1⁄4 cup tahini (sesame seed paste)
1⁄4 cup granulated sugar substitute
8 ounces good-quality 70% bittersweet chocolate

Stir the tahini and its oil together in the jar, in case it has separated. In a medium bowl, place the tahini and stir until smooth.

In a small bowl, stir the sugar substitute in 2 teaspoons water until dissolved. Stir this mixture into the tahini and mix thoroughly.

Coarsely chop the chocolate and put in the top of a double boiler. Set the top over simmering water, making sure the bottom of the double boiler doesn’t touch the water. Pour all but 1 tablespoon of the sweetened tahini into the top of the double boiler with the chocolate. Stir until the chocolate is melted and the tahini has been thoroughly incorporated. Remove from the heat.

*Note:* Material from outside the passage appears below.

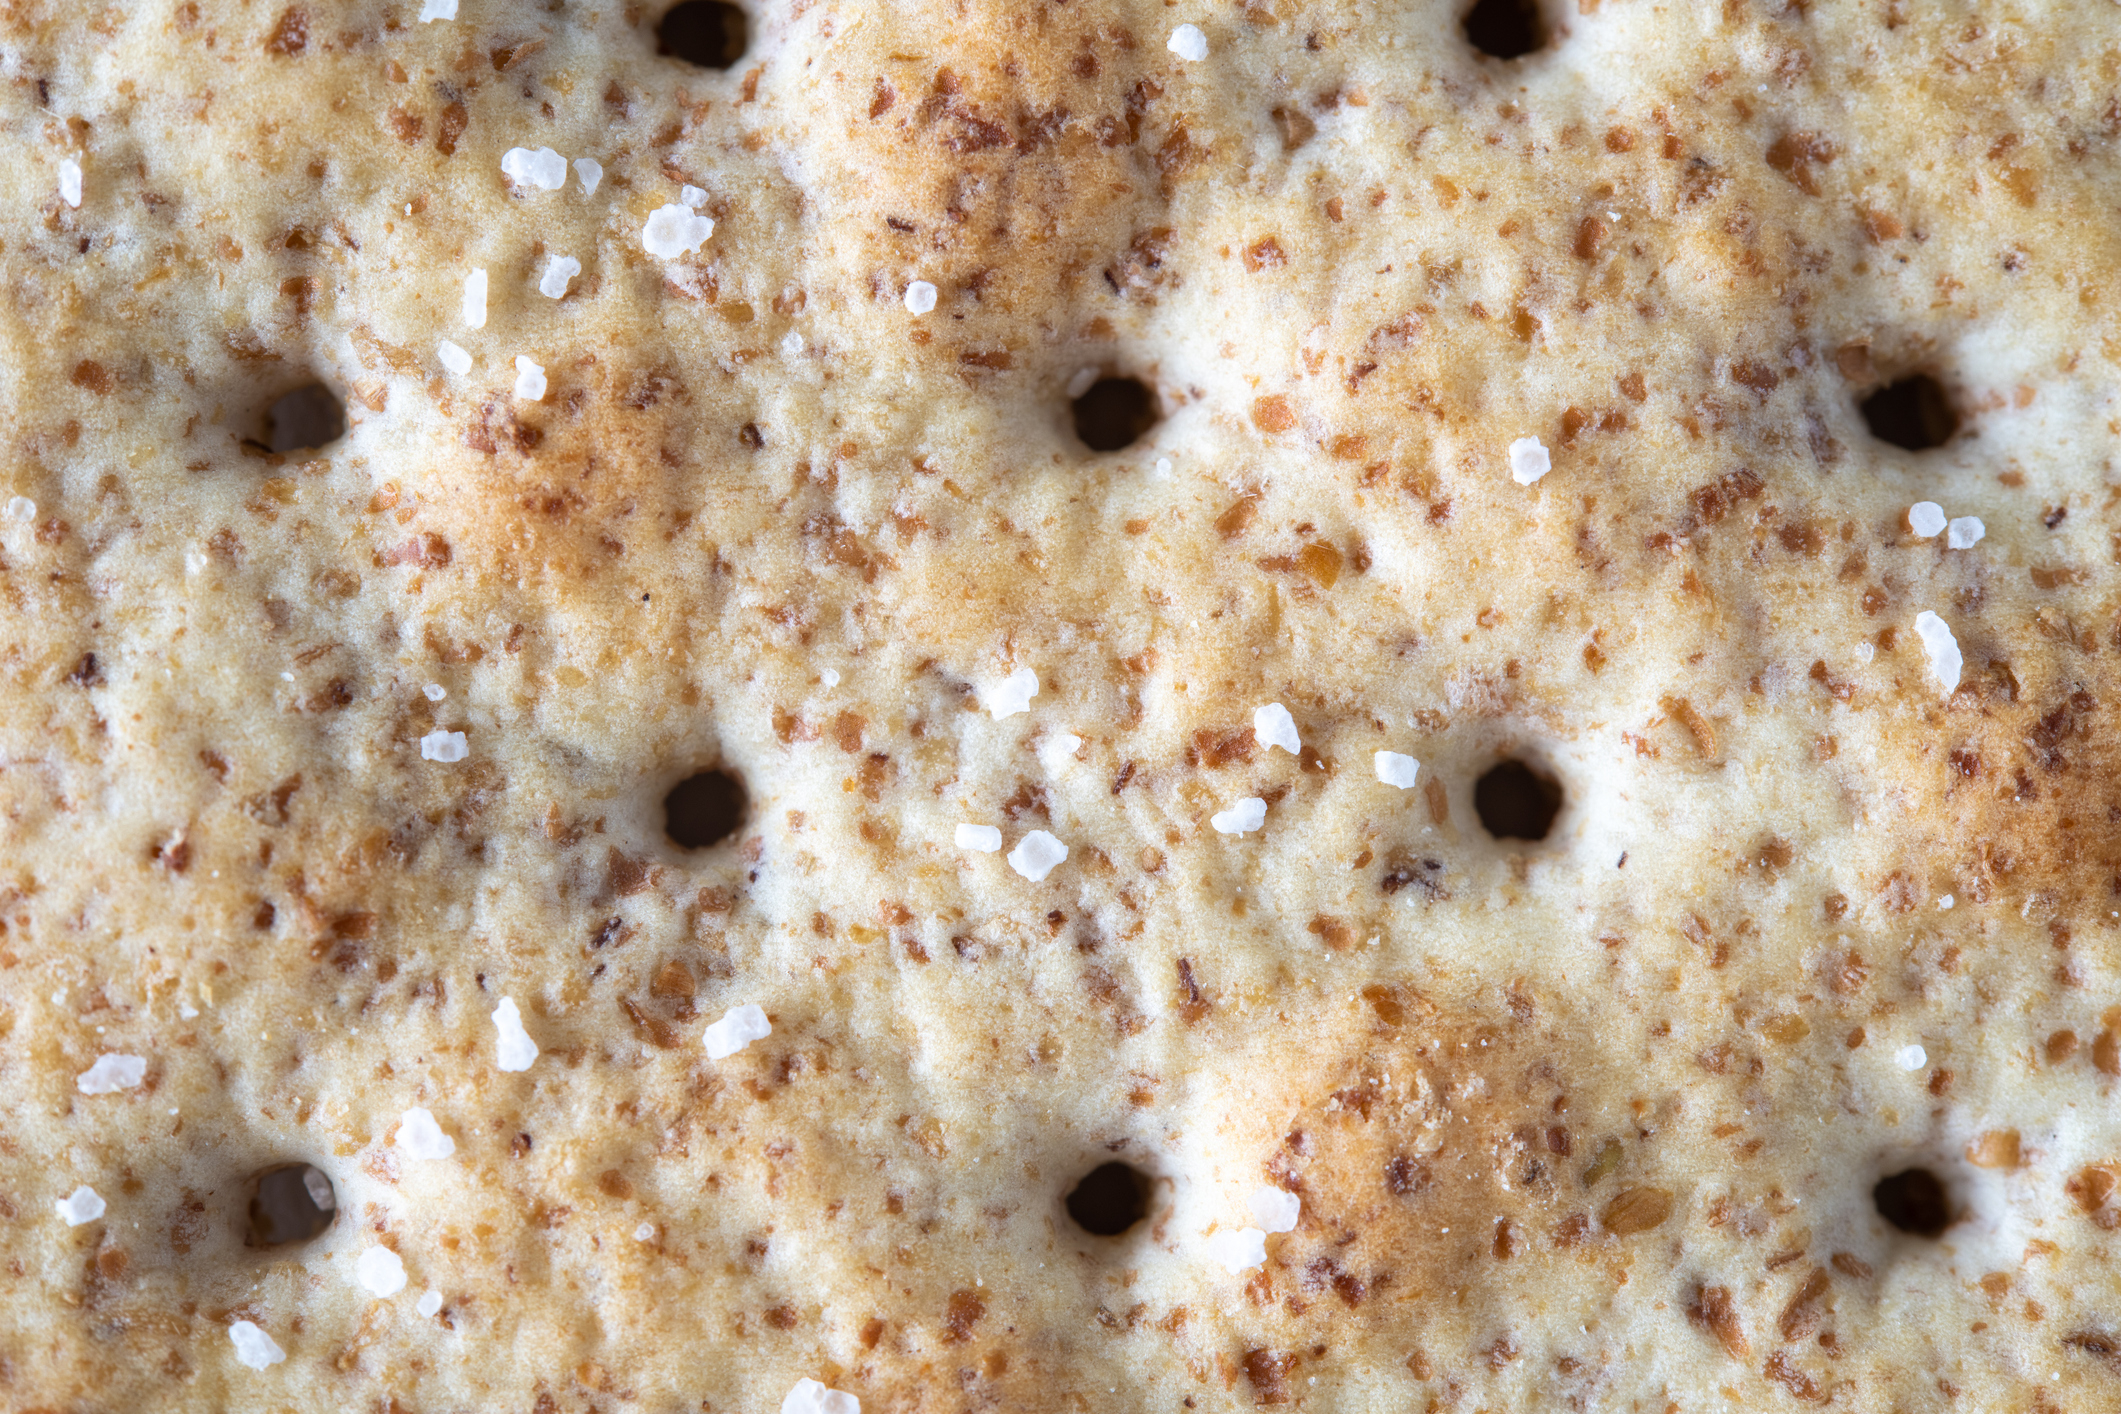 Close-up of a salted matzo cracker, commonly eaten during Passover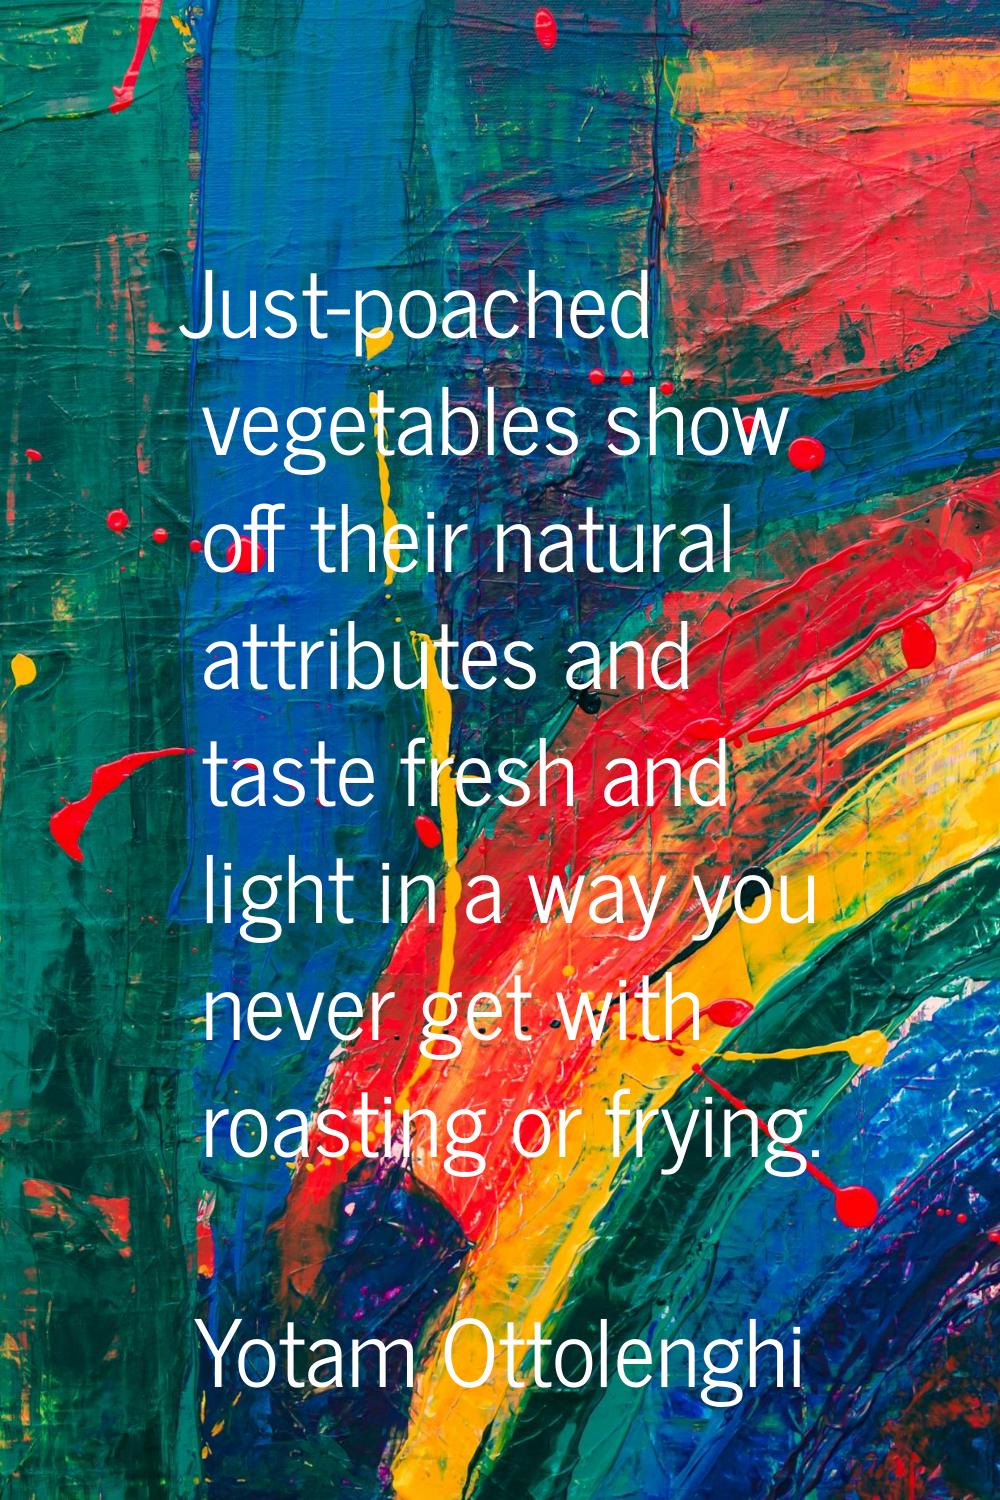 Just-poached vegetables show off their natural attributes and taste fresh and light in a way you ne

Spoon the chocolate mixture into twenty-four 1” fluted paper candy cups. Let cool for 5 minutes. To decorate the candies, dip the tip of a toothpick into the remaining tablespoon of sweetened tahini and swirl it into the tops of the candies. Refrigerate until set. Store, covered and refrigerated, for up to 1 week.

Makes 24 (data is per candy)

nutritionist’s note: Most low-carb chocolates on the market are filled with sugar alcohols that can wreak havoc on your stomach. These chocolate cups have nothing but great taste.